Grief and Gratitude Can Coexist

I used to think I had to choose: either mourn or move on. But now I know better. I know it’s okay to still feel the ache, to still wish you were here, while also living with joy and hope.Grief is love that hasn’t found a place to go. And I’m learning to let that love fuel my gratitude, not just my sadness.

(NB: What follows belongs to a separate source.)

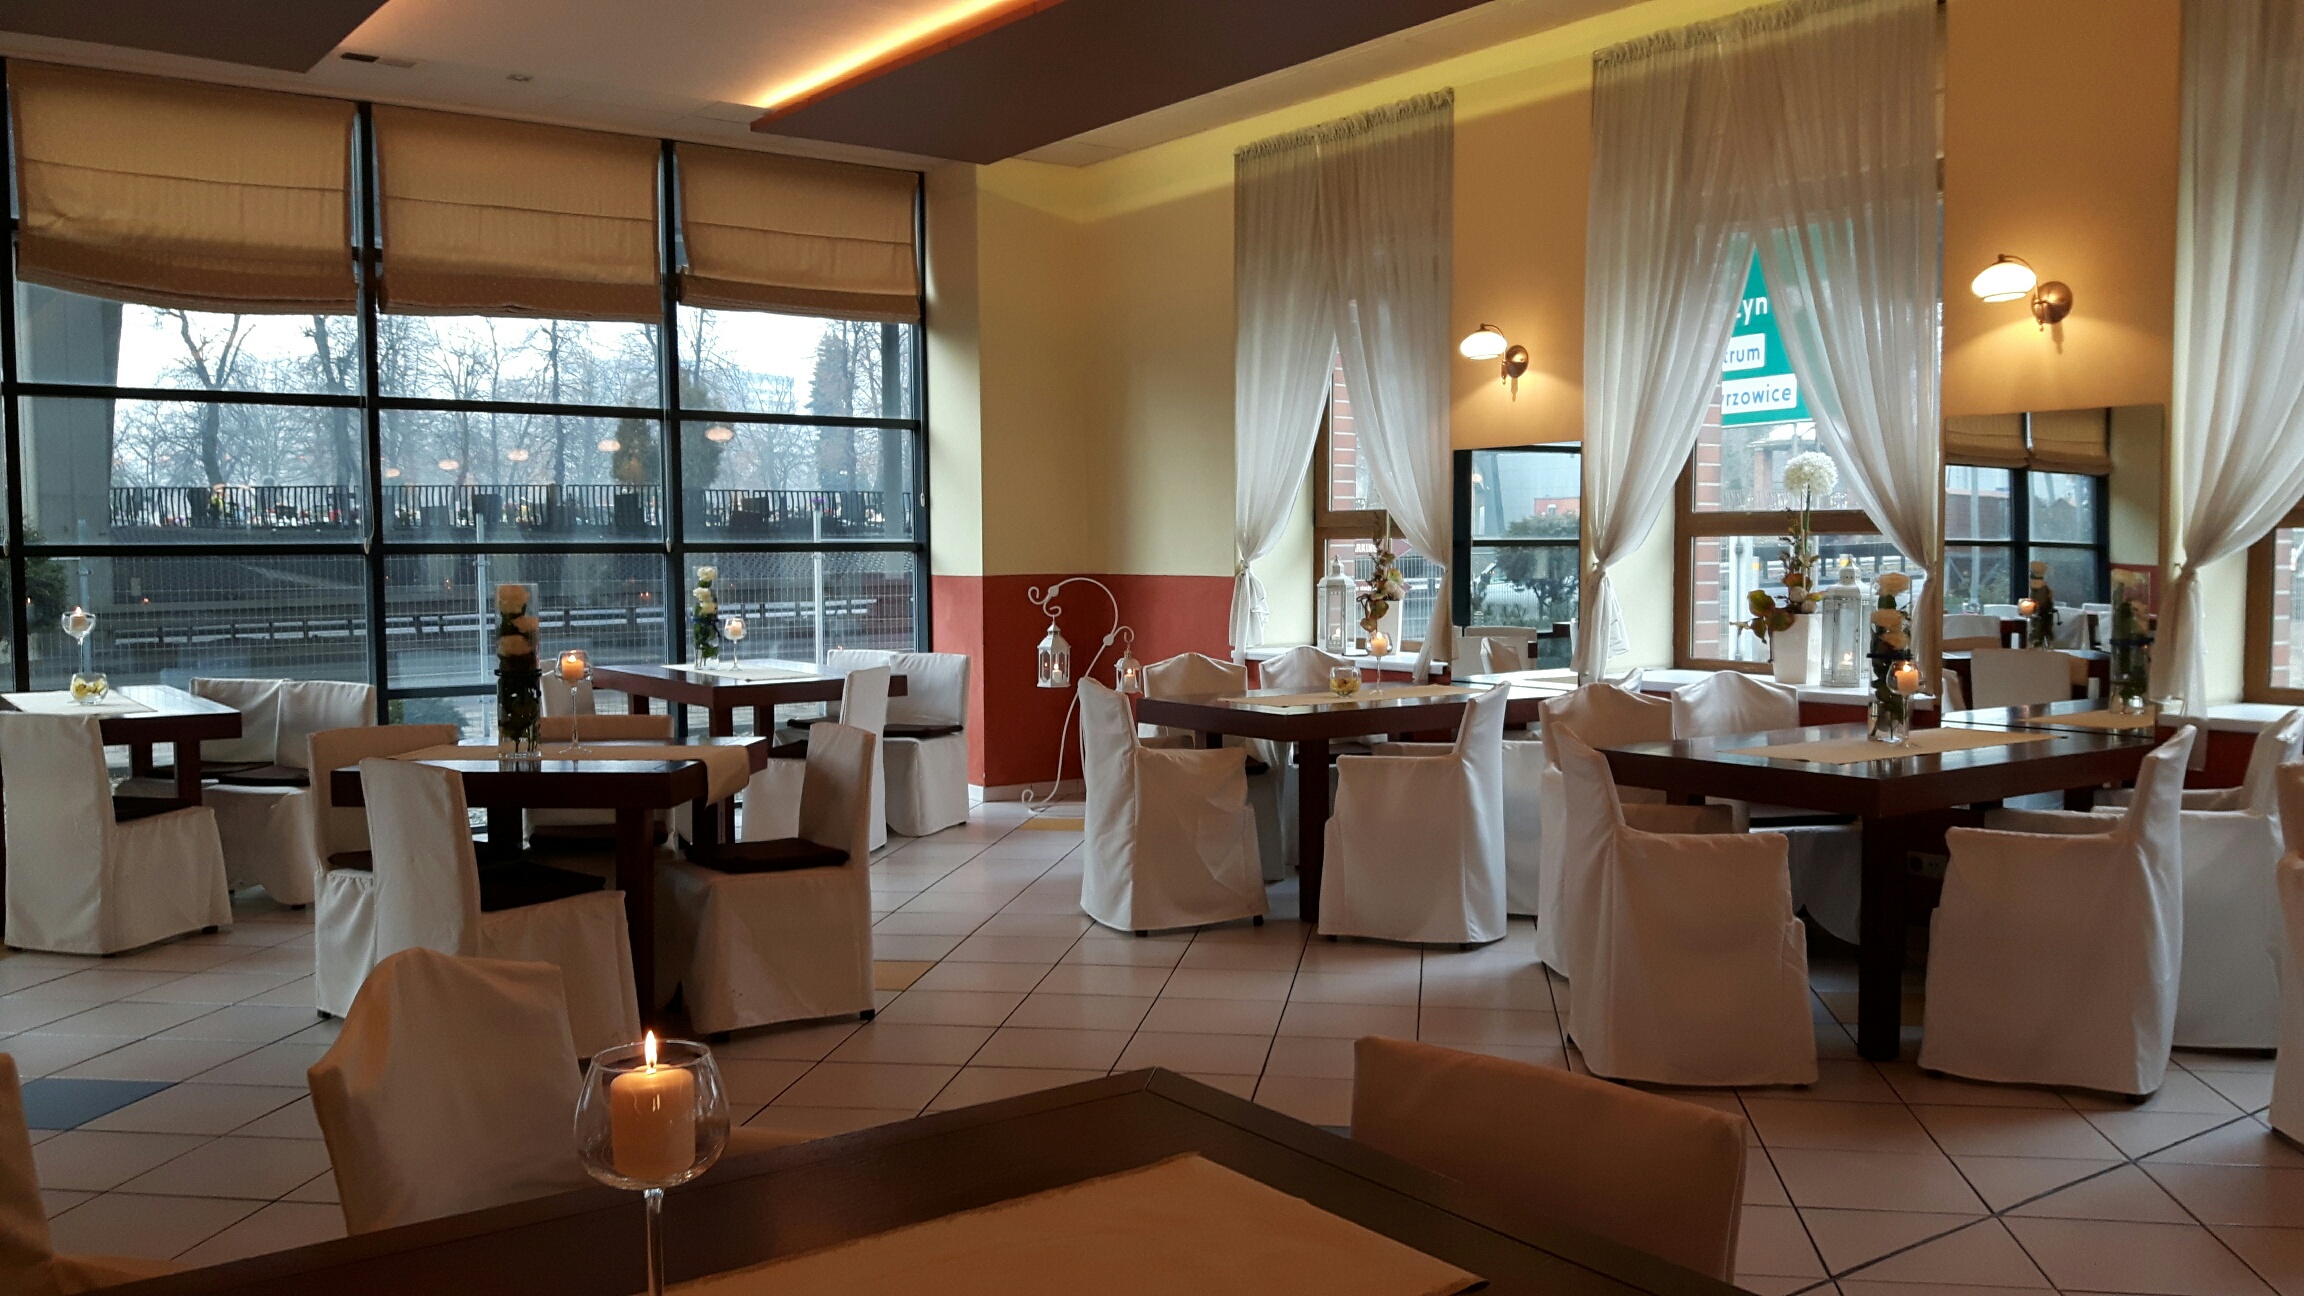 Dobra restauracja w Katowicach, tani catering dla firm, wesele, imprezy okoliczno艣ciowe, sale szkoleniowe, bankiety, 艢l膮sk

What I Would Say to You Today

If I could sit across from you now, I’d probably just say thank you.Thank you for being who you were. Thank you for showing me what it looks like to be strong and kind, wise and faithful. Thank you for loving me well.And I’d tell you this: I’m still trying to live in a way that would make you proud. I carry you with me—in my words, in my work, in how I love my family and trust God through it all.

Until We Meet Again

I don’t know how heaven marks the passing of time, but I imagine you’re not counting years like we are down here.Still, I hope you know: you’re not forgotten. You’re not just a memory—we still feel your presence, your influence, your love.And one day, there will be no more goodbyes. Until then, I’ll keep mourning and celebrating. And I’ll keep living the best I can with the time I’ve been given.I love you, Dad. Always.